What would you do if you or someone in the family loses a job? Ideally, you’ll have a reserve fund in place to tide you over. If not, it would be a good idea to start one. I know, after settling the bills and paying down debt, there’s little or nothing left. So, weigh your priorities and decide what’s really important. And if you get some windfall money from an inheritance or a tax refund, put some aside for a rainy day. Just be sure it’s invested somewhere that offers a decent return.
6. Don’t Be a Victim
I saw an item by Pat Foran on CTV News the other night. A lady had received a threatening phone call from someone purporting to be with the Canada Revenue Agency, demanding immediate payment. She was told she would be arrested if she didn’t pay immediately – with gift cards! Obviously, the CRA doesn’t ask for gift cards for tax payments, but this lady was scared and did what she was told. The result: $5,500 lost to the scammer.

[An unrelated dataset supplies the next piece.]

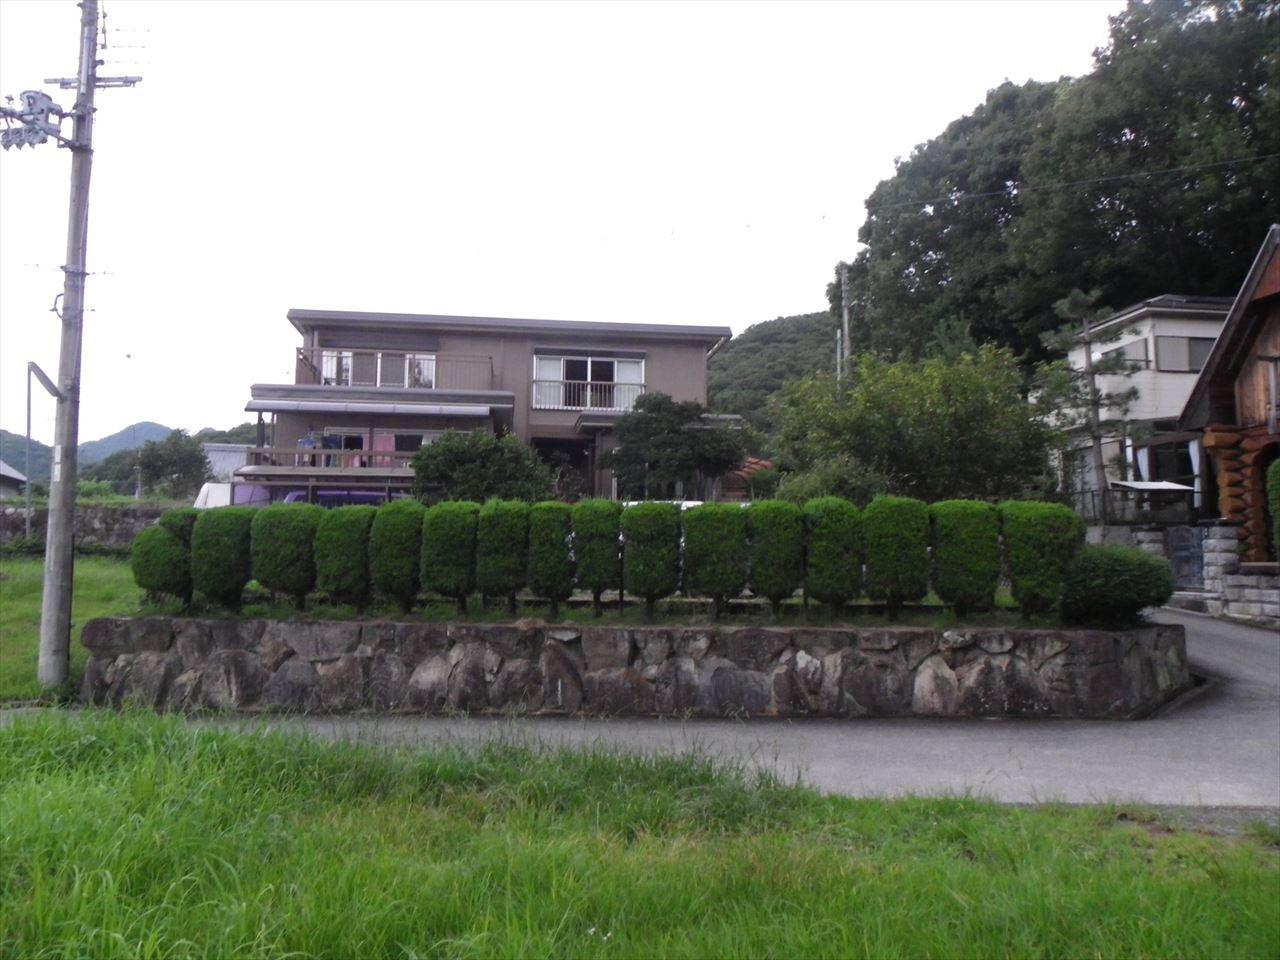 ◆前面に池や山々を眺められる景色のよい三田市の住宅物件◆ ◎前面に池や山々を眺められる景色のよい三田市の住宅物件◎

These days, scammers come at you from every direction – phone calls, emails, fake advertising. You name it, they’ve tried it. The advice is familiar, but many people fail to listen. Don’t click on any links from people you don’t recognize, and even be cautious with those from friends. Don’t give out personal information over the phone. Don’t respond to emails from acquaintances asking for “a favour.” Don’t send money to pay “tax” on a trip you’ve supposedly won. Don’t believe anyone who says you must pay in gift cards or cryptocurrency. These people aren’t going away, but you don’t have to be a victim.
Best wishes for what I hope will be a happy, healthy, safe, and prosperous 2024.